Dwight D. Eisenhower (1953–1961): Deployed troops to Lebanon (1958) without prior congressional authorization.
John F. Kennedy (1961–1963): Authorized the Bay of Pigs invasion (1961) and naval quarantine during the Cuban Missile Crisis (1962) without Congress’s approval.
Lyndon B. Johnson (1963–1969): Escalated Vietnam War based on the Gulf of Tonkin Resolution (1964), which was not a formal declaration of war but granted broad authority.
After the 1973 War Powers Act. (Of course passed during the Nixon Administration)
For historical context Nixon’s vetoed it but his veto was overridden by Congress.
Richard Nixon (1969–1974): Conducted bombing campaigns in Cambodia and Laos (1969– 1970) without explicit congressional approval.
Gerald Ford (1974–1977): Ordered the Mayaguez operation (1975) without prior congressional consent.

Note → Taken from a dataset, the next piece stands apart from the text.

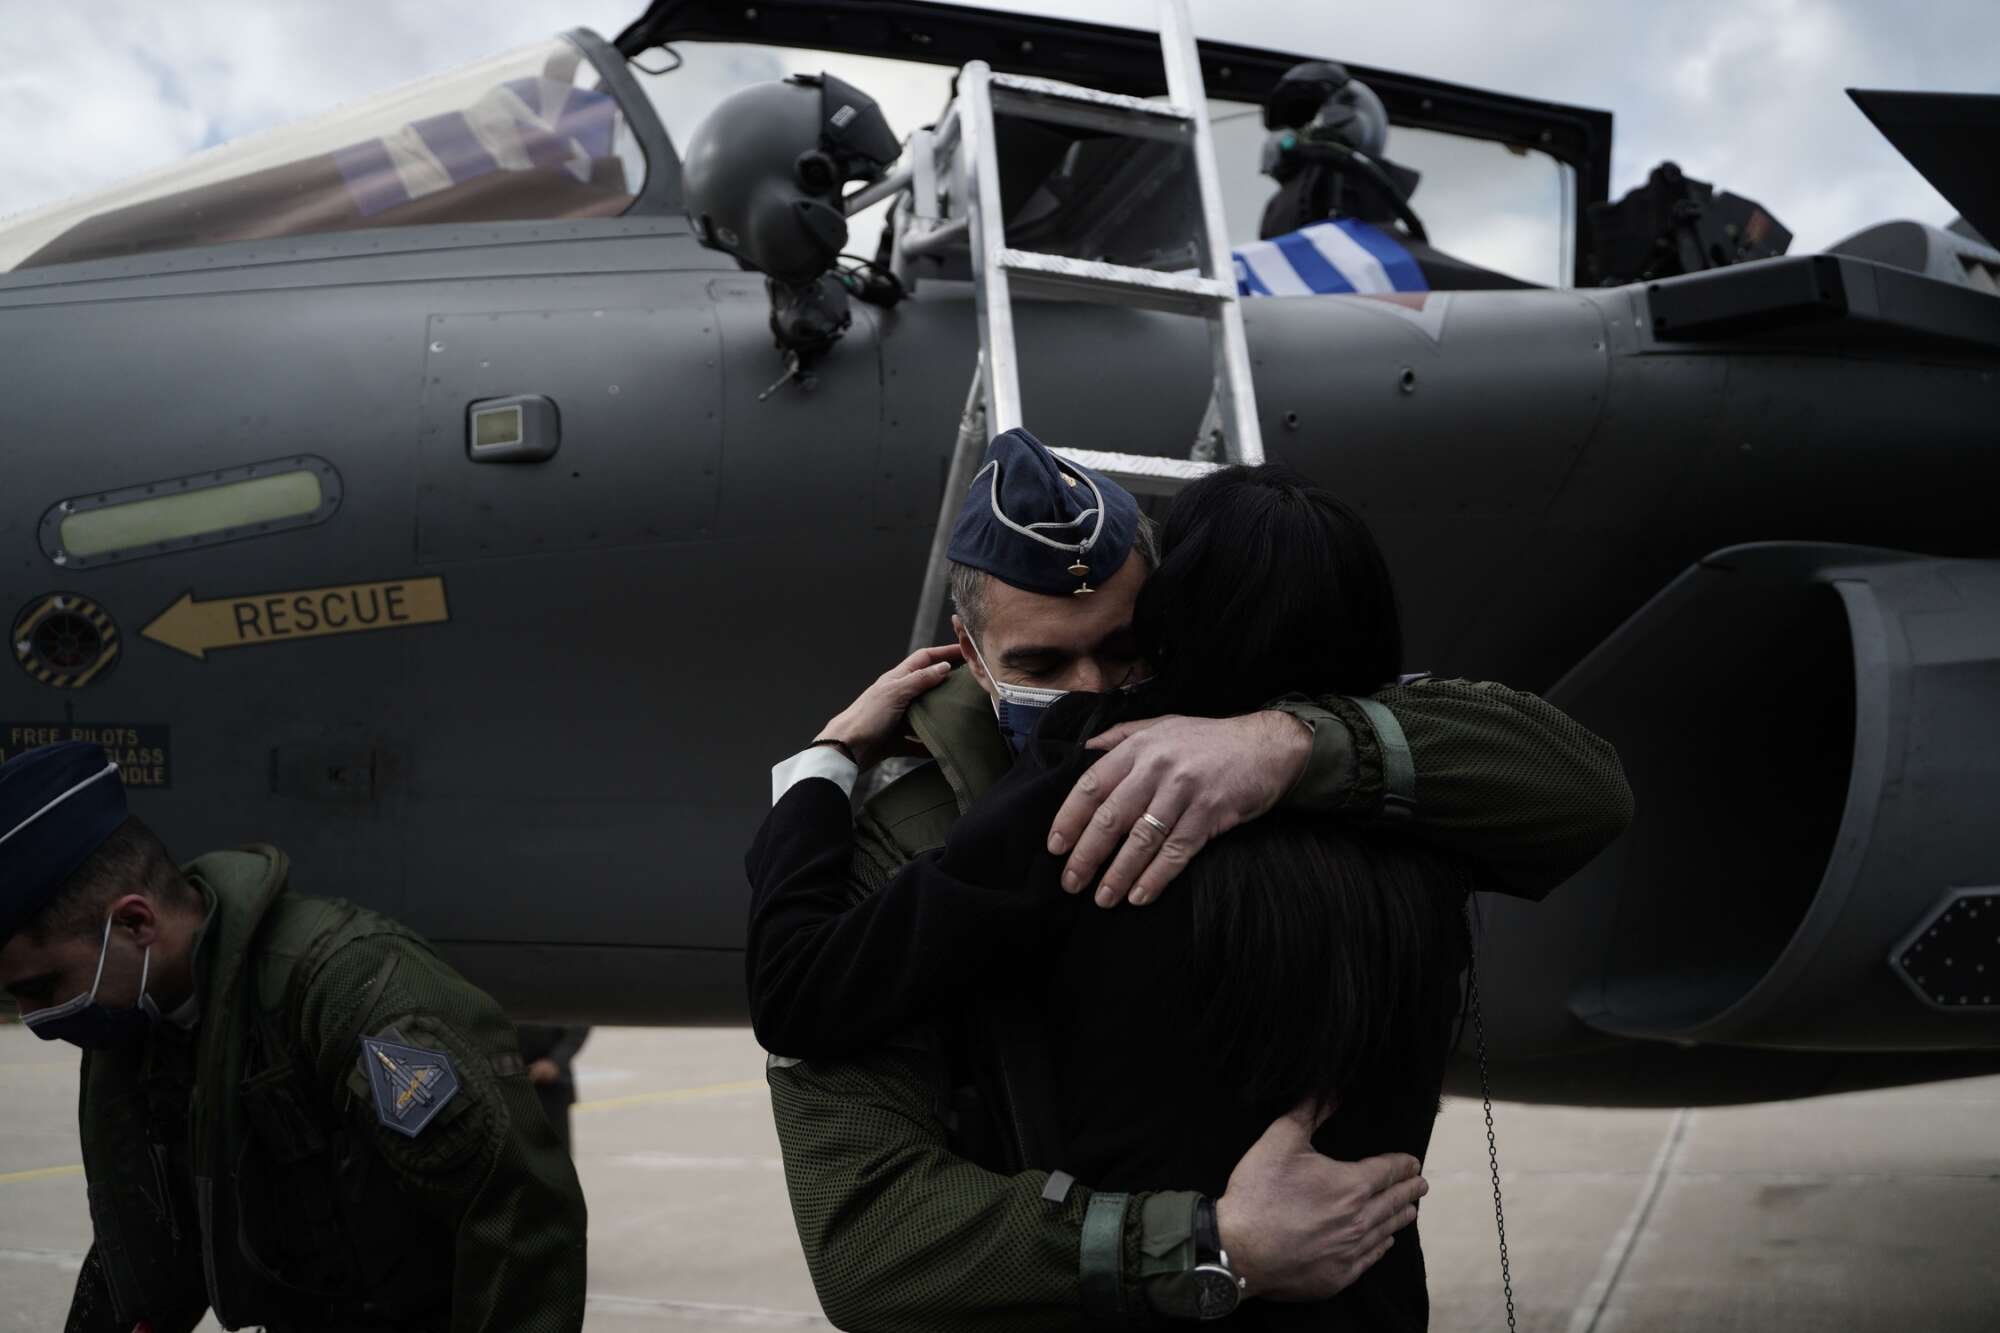 Επιστροφή στην πατρίδα και την οικογένεια. Μια ζεστή αγκαλιά περίμενε τον ιπτάμενο της Πολεμικής Αεροπορίας στην (παγωμένη...) Τανάγρα

Jimmy Carter (1977–1981): Attempted a hostage rescue mission in Iran (1980) without congressional authorization.
Ronald Reagan (1981–1989): Launched strikes in Libya (1986) and deployed forces to Grenada (1983) without prior approval.
George H. W. Bush (1989–1993): Initiated the Panama invasion (1989) and deployed forces to Somalia (1992) without explicit congressional approval, though the Gulf War (1991) received authorization.
Bill Clinton (1993–2001): Ordered airstrikes in Bosnia (1995), Kosovo (1999), and Sudan/Afghanistan (1998) without prior congressional approval.
George W. Bush (2001–2009): Launched strikes in Afghanistan (2001) and Iraq (2003) with Congressional Authorization for Use of Military Force (AUMF), but later drone strikes and operations often lacked specific approval.
Barack Obama (2011–2017): Authorized Libya airstrikes (2011) and expanded drone strikes in Pakistan, Yemen, and Somalia without explicit congressional approval, citing existing AUMFs.
Donald Trump (2017–2021): Ordered missile strikes on Syria (2017, 2018) and the drone strike killing Qasem Soleimani (2020) without congressional authorization.
Joe Biden (2021–2025): Conducted airstrikes in Syria and Iraq (2021–2024) against Iran- backed militias and authorized strikes on Houthi targets in Yemen (2024) without prior congressional approval.
Counting distinct presidents from Truman to Biden, 13 presidents have initiated military strikes or interventions without explicit congressional approval. This excludes cases where broad AUMFs (Congressionaly Authorized Use of Military Force.)(e.g. 2001 or 2002) were cited, as these are debated as “approval.” The War Powers Resolution requires notification to Congress within 48 hours, but compliance has been inconsistent, and presidents often act unilaterally, citing national security or time constraints.
If Cangress were to act and opt to curtail the President, which we highly doubt, they would actually reestablish their own lost power, in case you missed it we highly doubt it will happen.